__GIVEN DATA__
▼

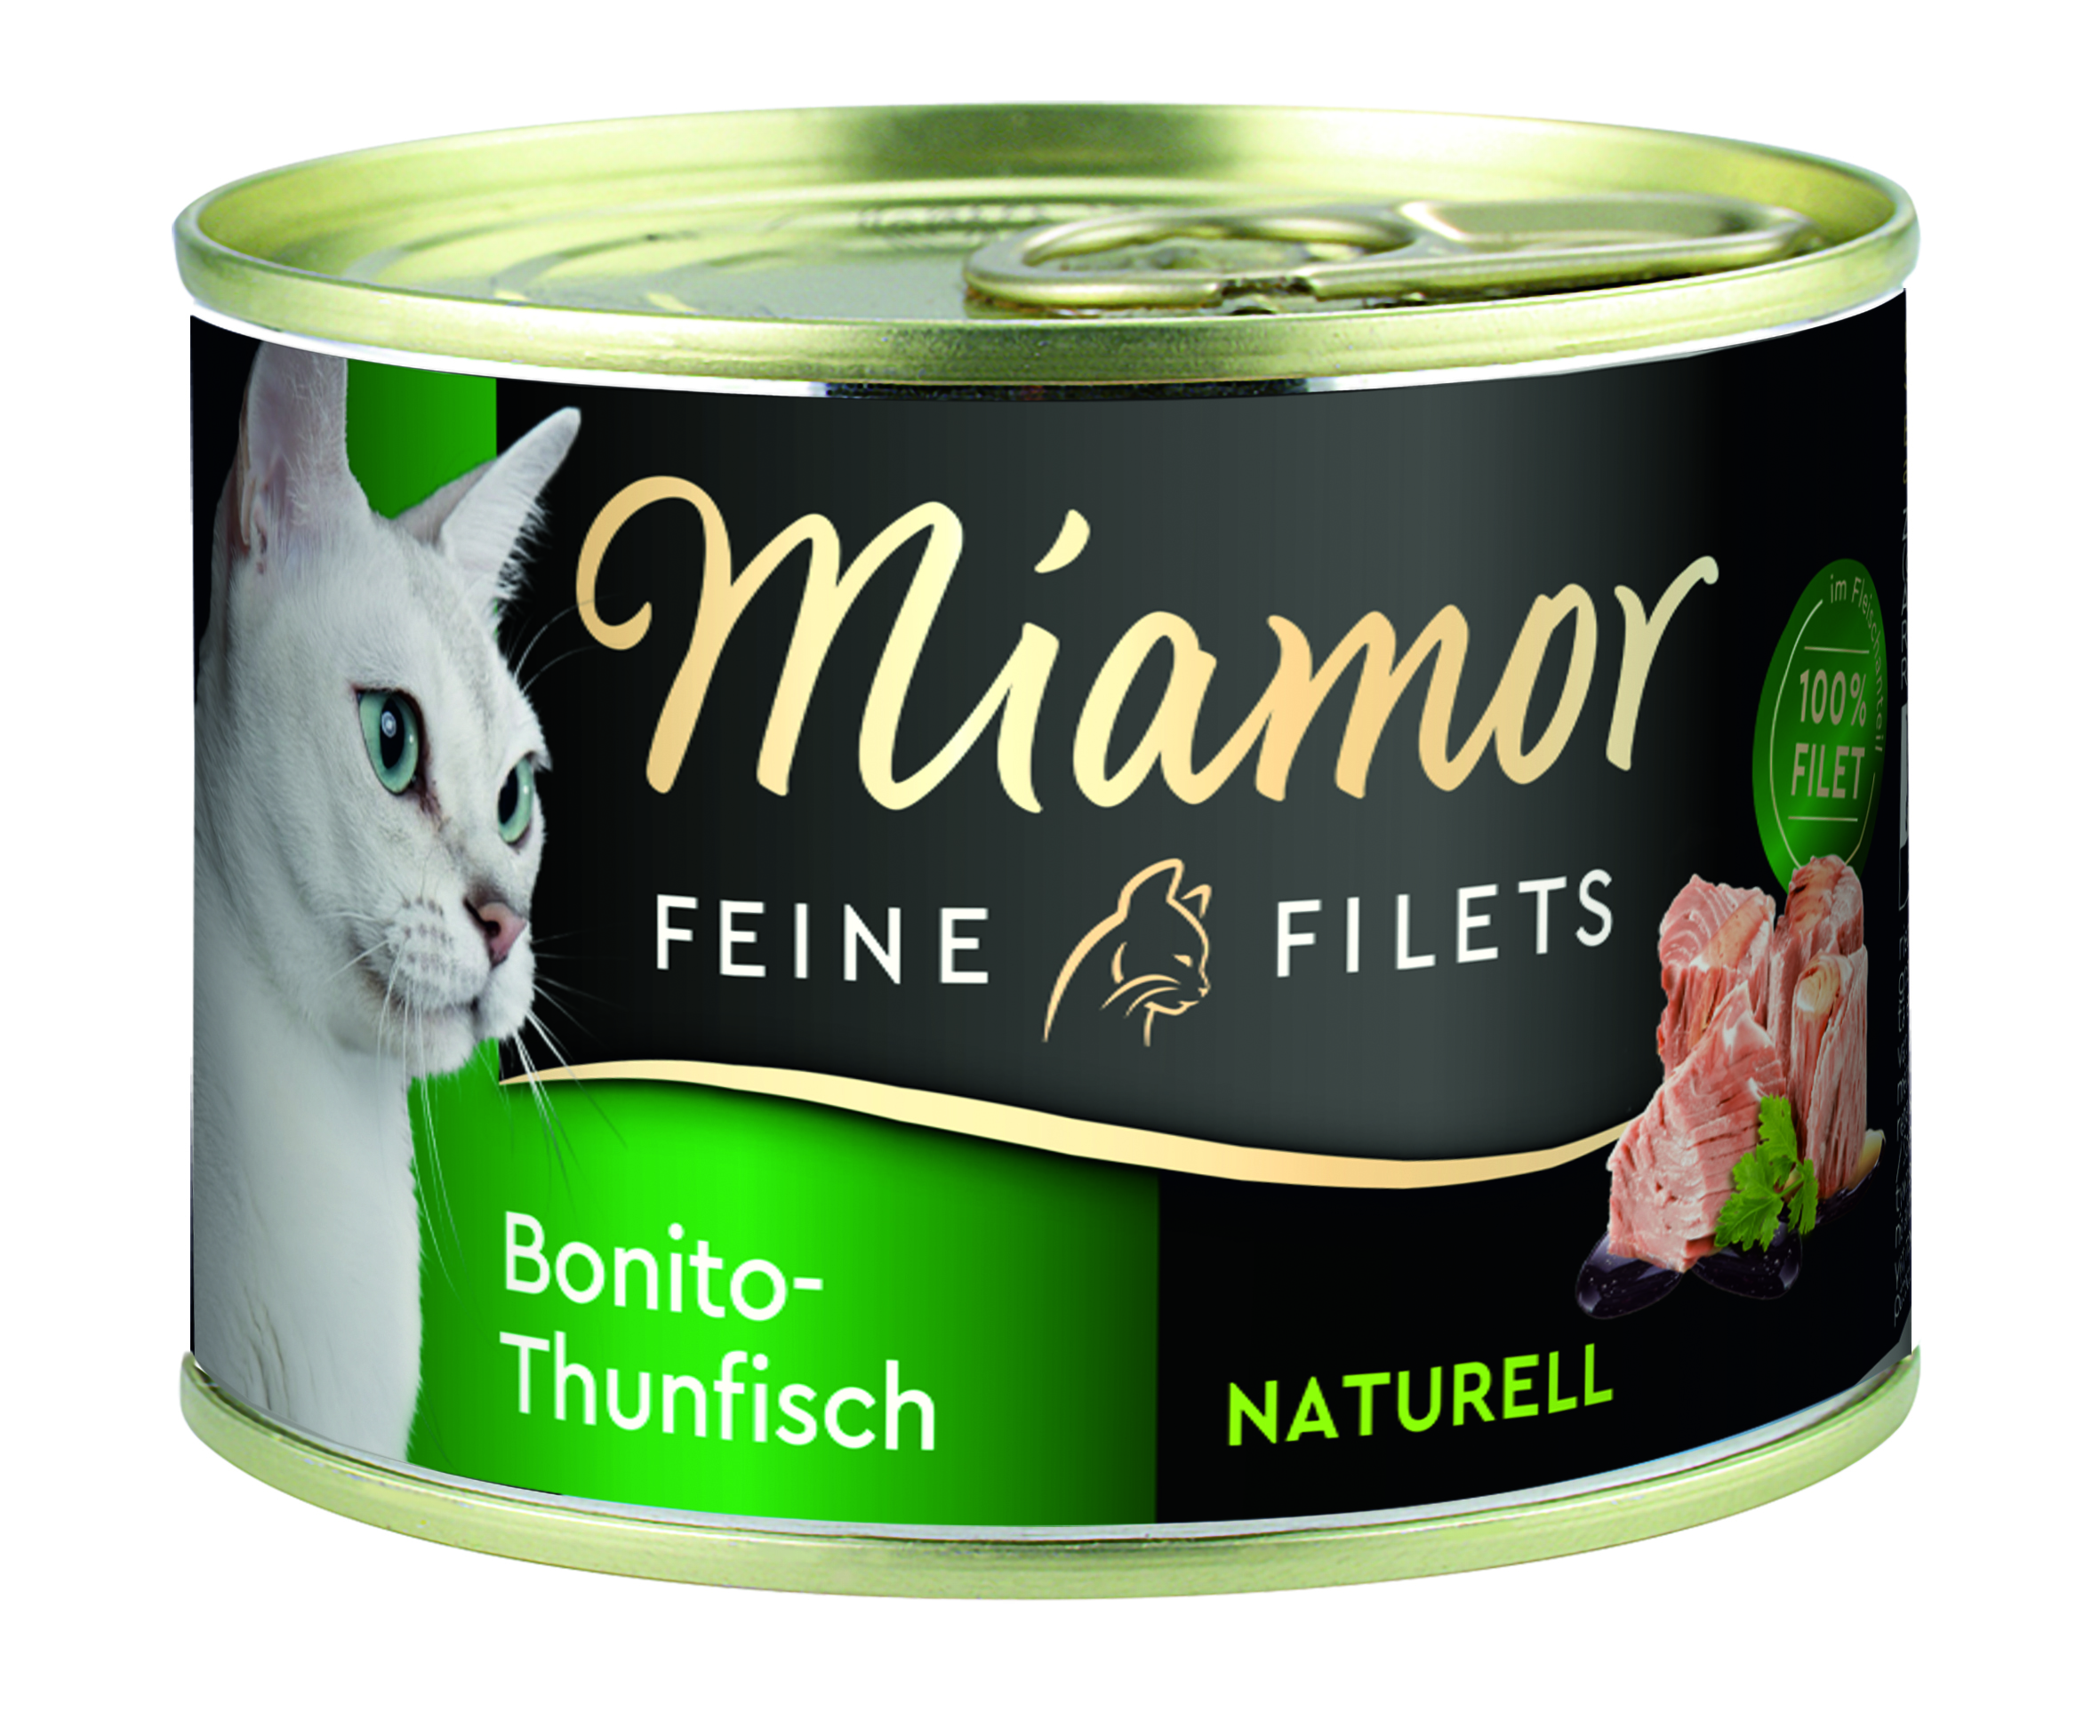 Miamor Feine Filets Naturell Bonito-Thunfisch 156g Dose
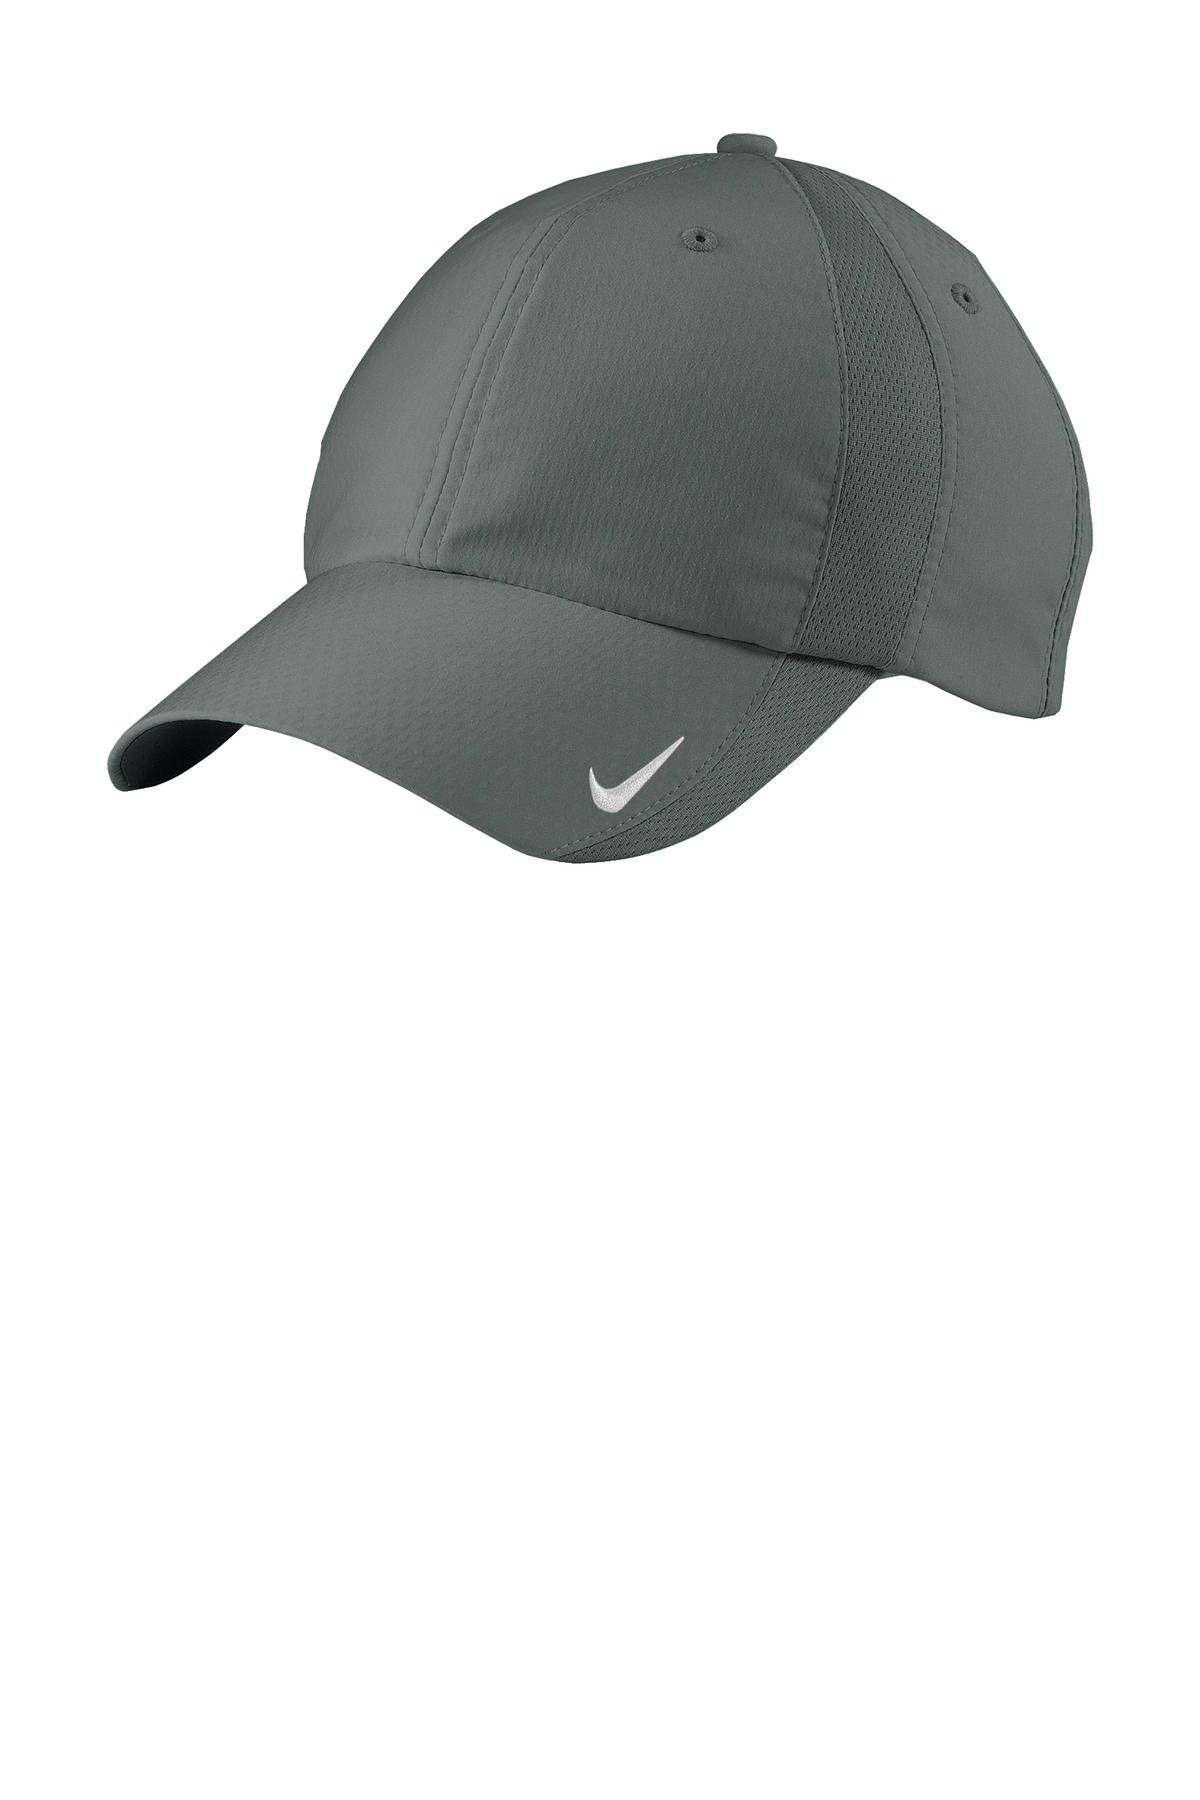 Nike Sphere Performance Cap-Nike
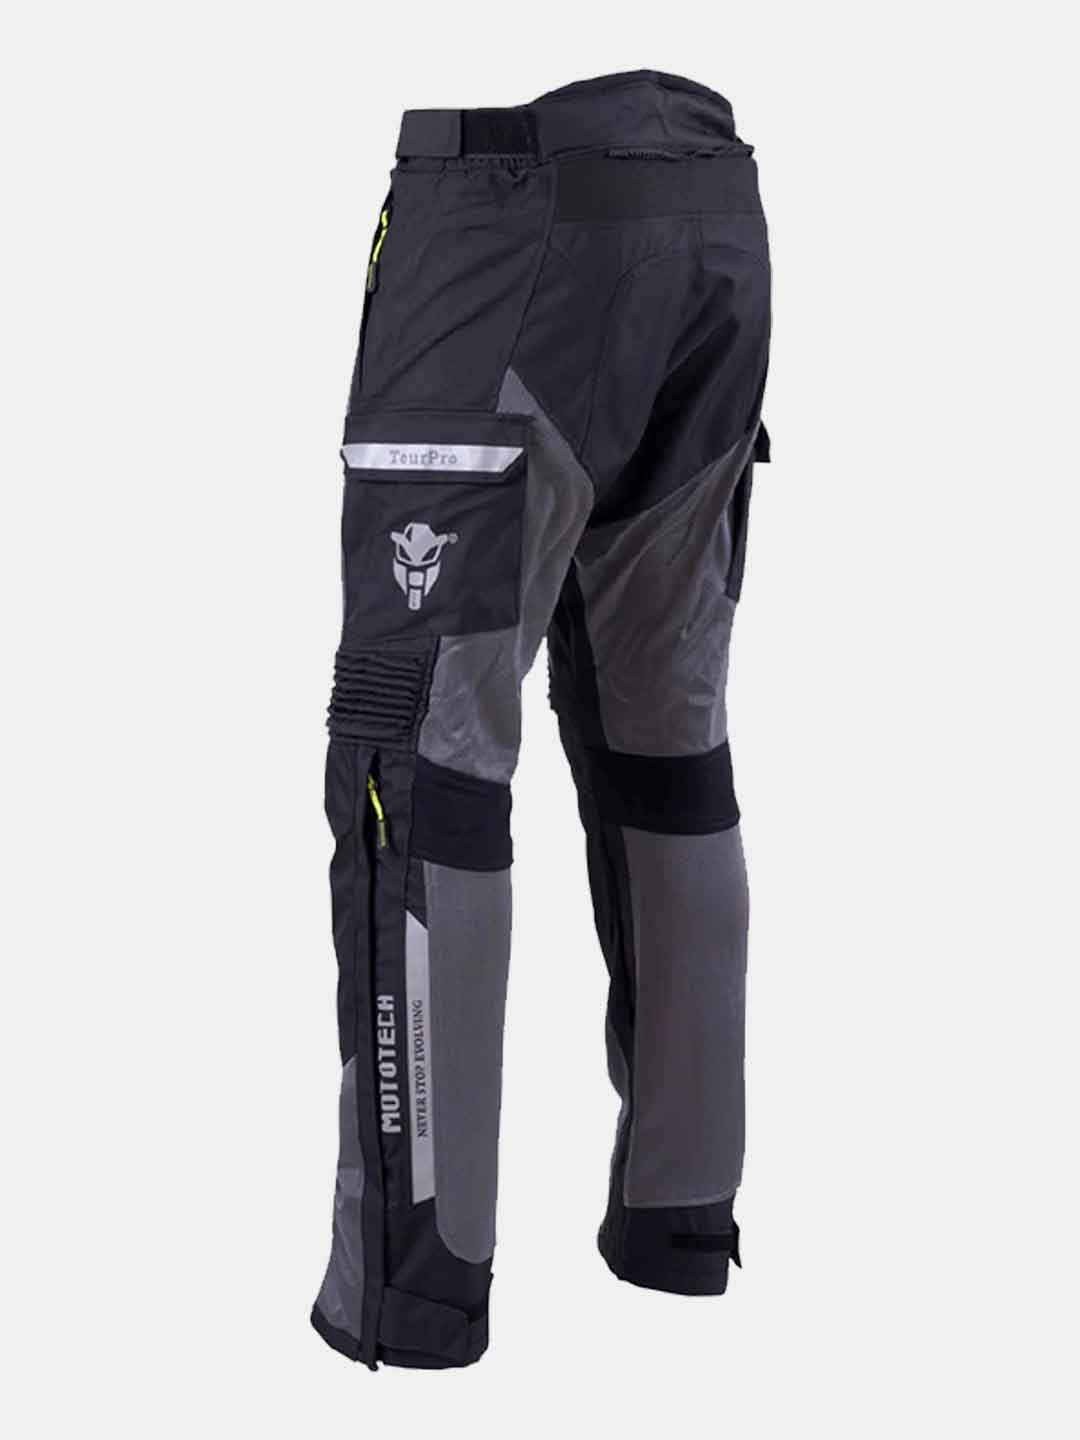 ScentLok Camo Hunting Pants for Men - Savanna Aero Crosshair Lightweight  Gear (Mossy Oak Terra Outland, Small) - Walmart.com
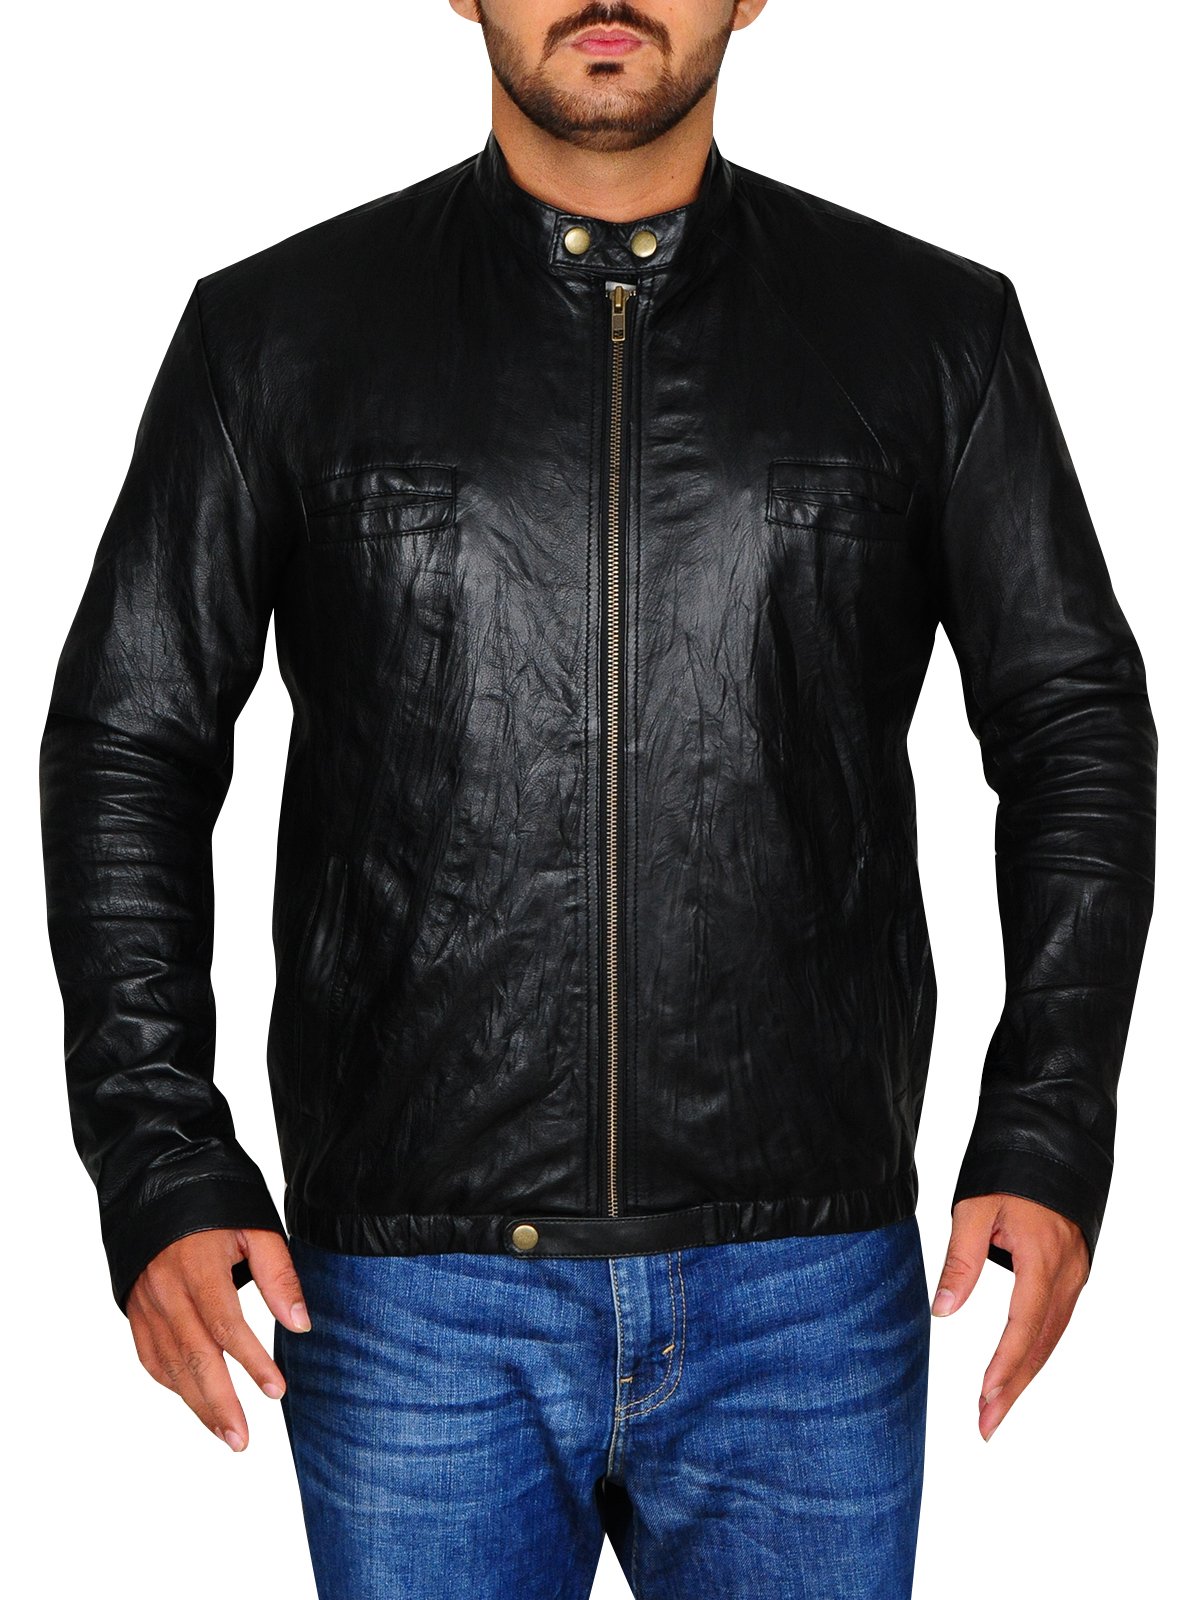 17 Again Zac Efron Leather Jacket- RockStar Jacket

▲

__TASK DESCRIPTION__
Only text belongs in the copy: repeat each line of the data exactly and leave out the pictures.

__TASK RESPONSE__
 Miamor Feine Filets Naturell Bonito-Thunfisch 156g Dose
 Nike Sphere Performance Cap-Nike
 ScentLok Camo Hunting Pants for Men - Savanna Aero Crosshair Lightweight  Gear (Mossy Oak Terra Outland, Small) - Walmart.com
 17 Again Zac Efron Leather Jacket- RockStar Jacket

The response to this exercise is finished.